Task brief »
Pictures aside, return every line below exactly as written.

Given data »

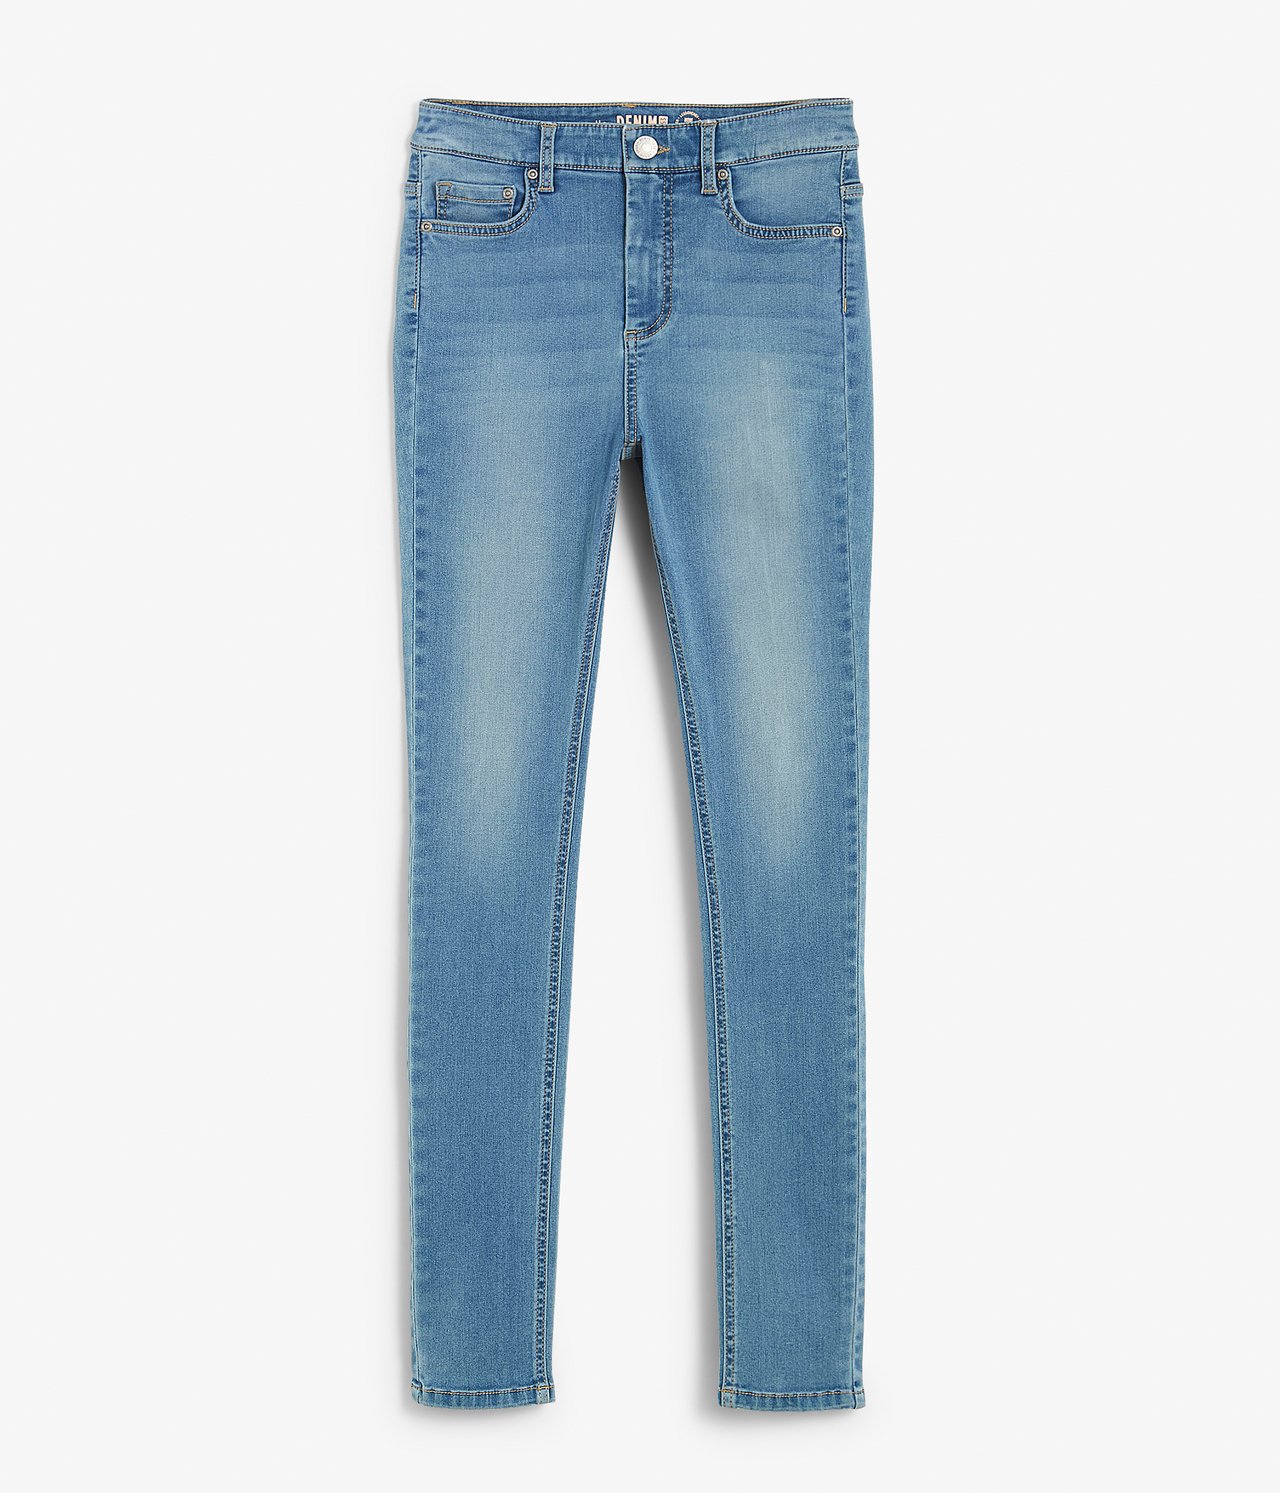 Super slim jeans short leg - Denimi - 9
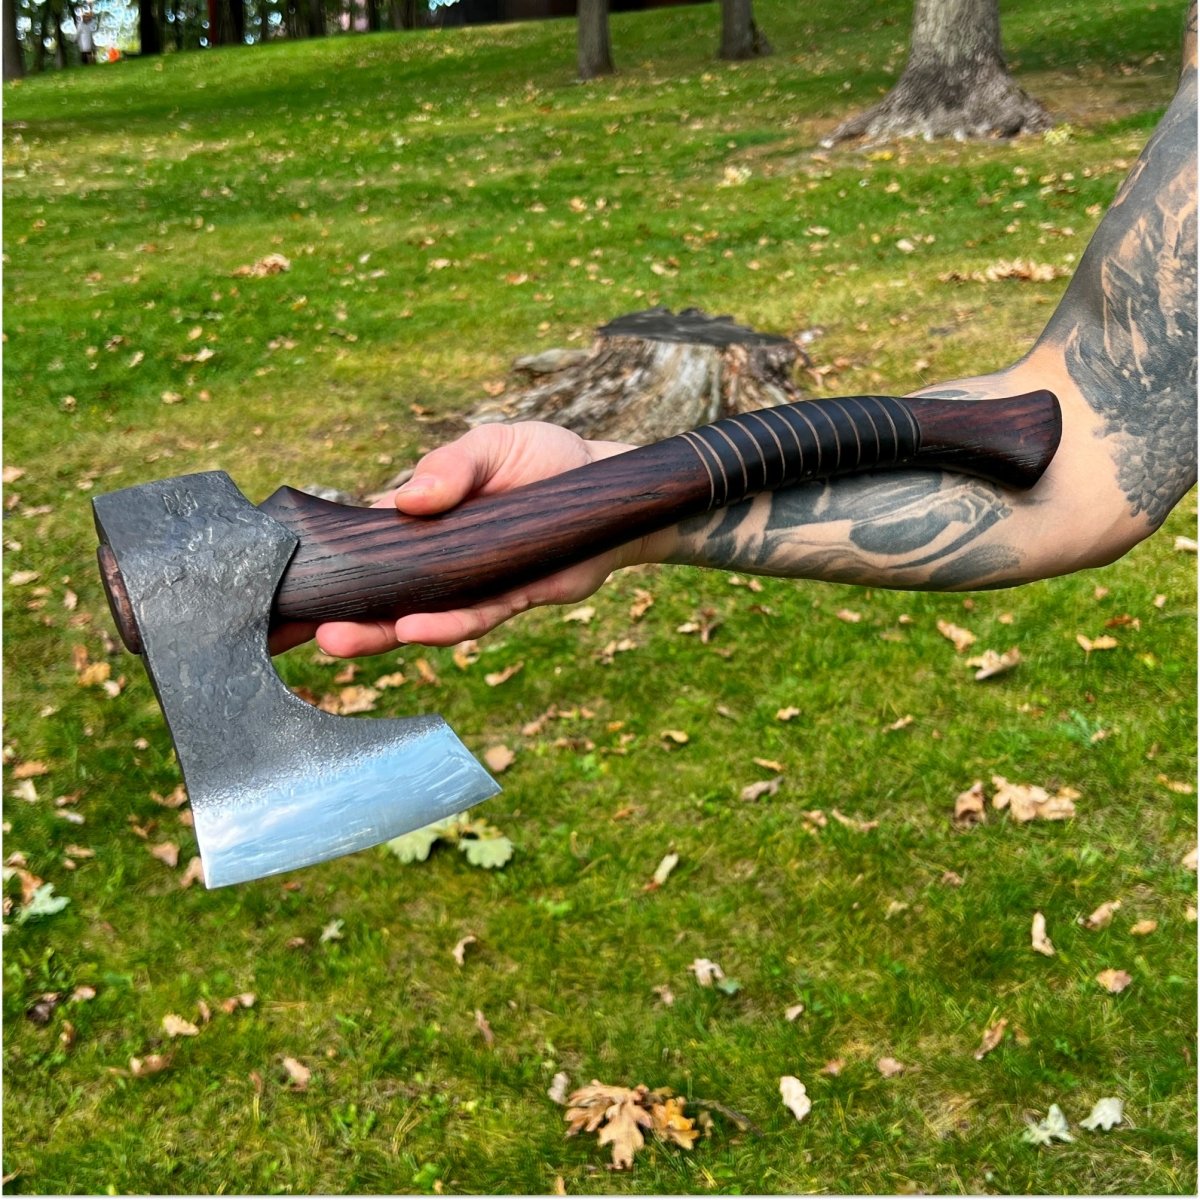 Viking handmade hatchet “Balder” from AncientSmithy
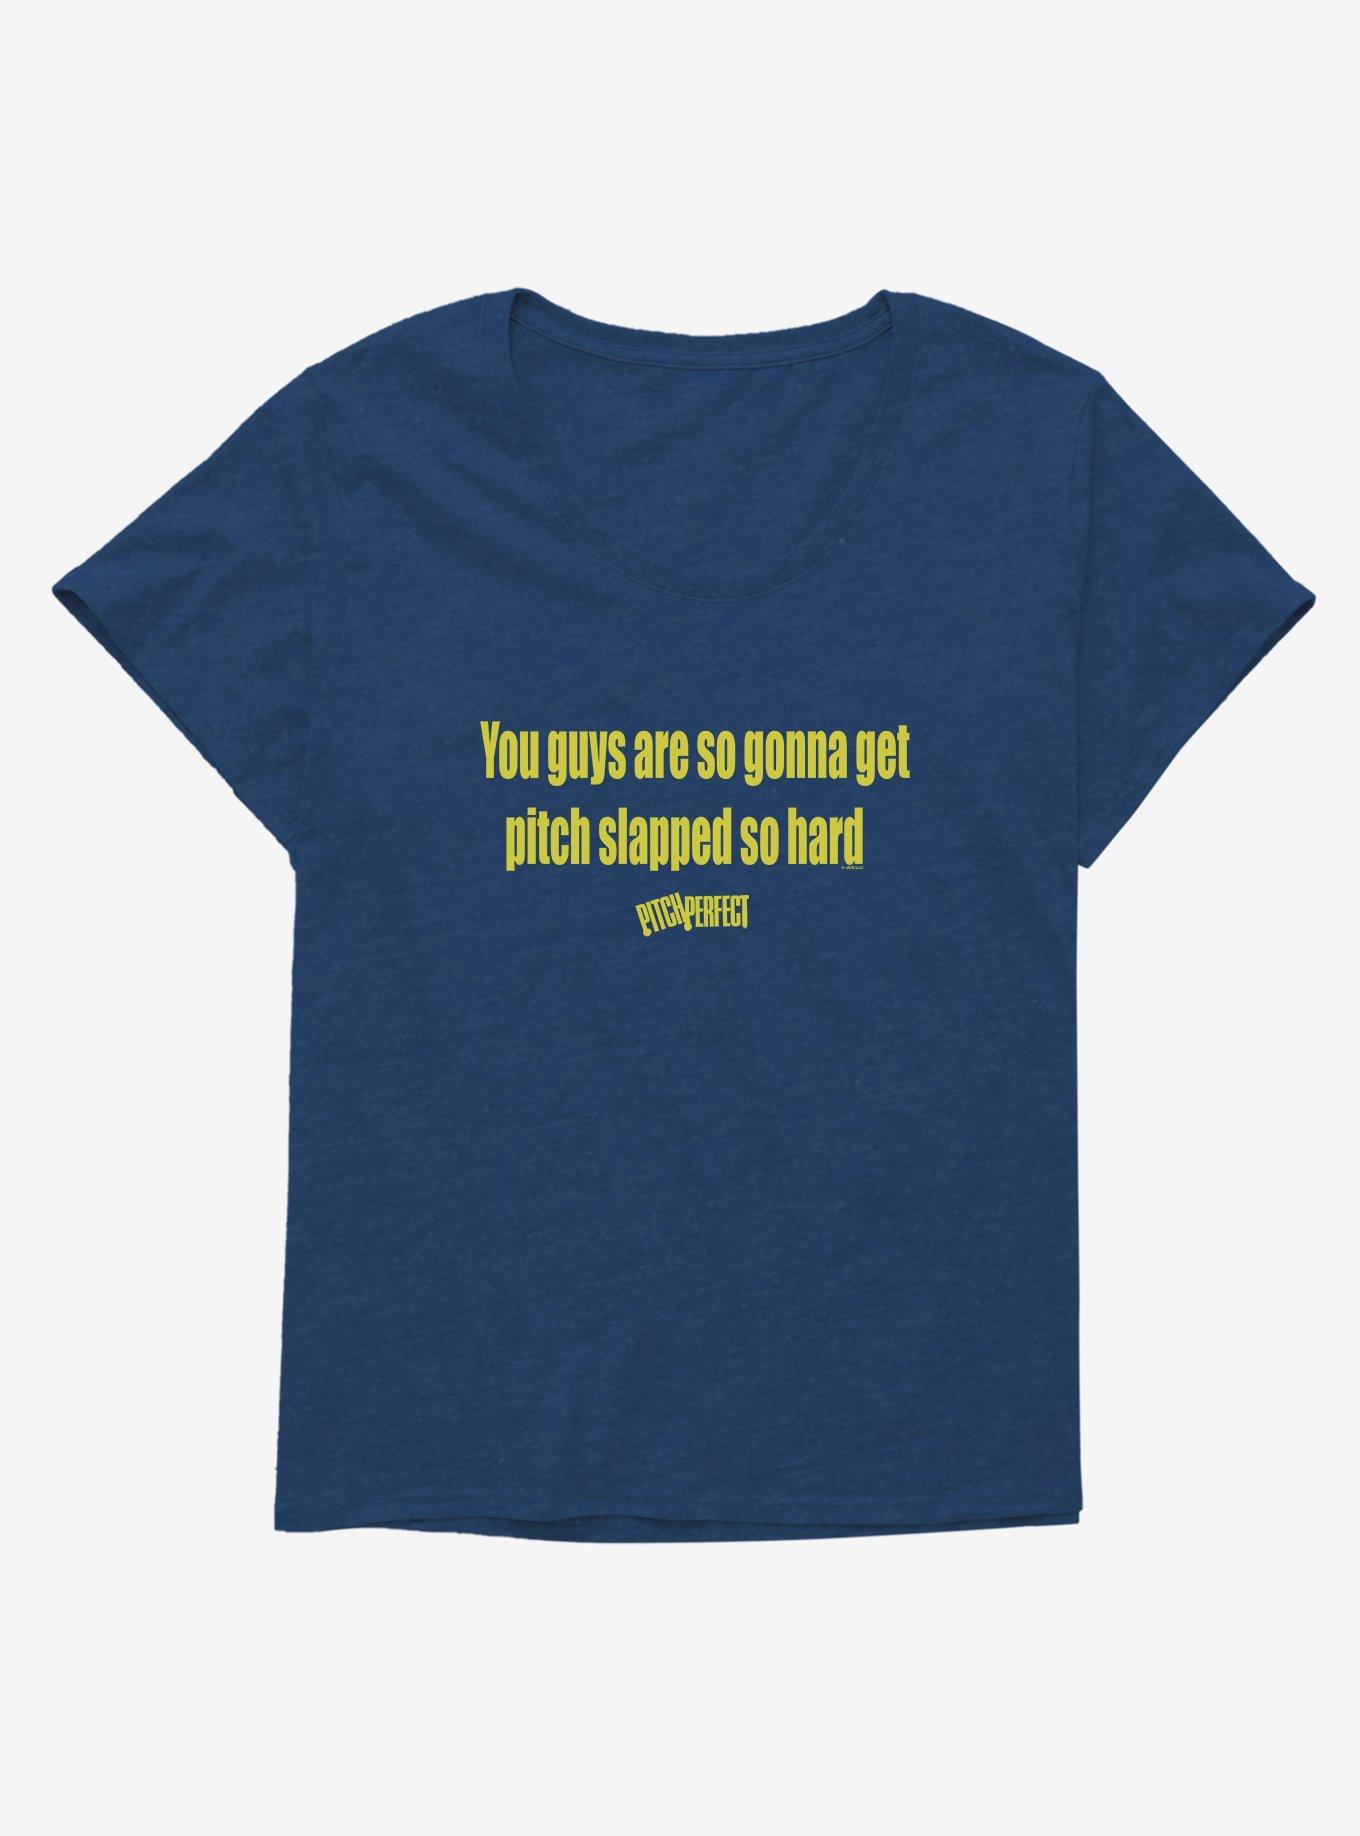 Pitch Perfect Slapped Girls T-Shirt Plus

Result below »
 Super slim jeans short leg - Denimi - 9
 Viking handmade hatchet “Balder” from AncientSmithy
 Pitch Perfect Slapped Girls T-Shirt Plus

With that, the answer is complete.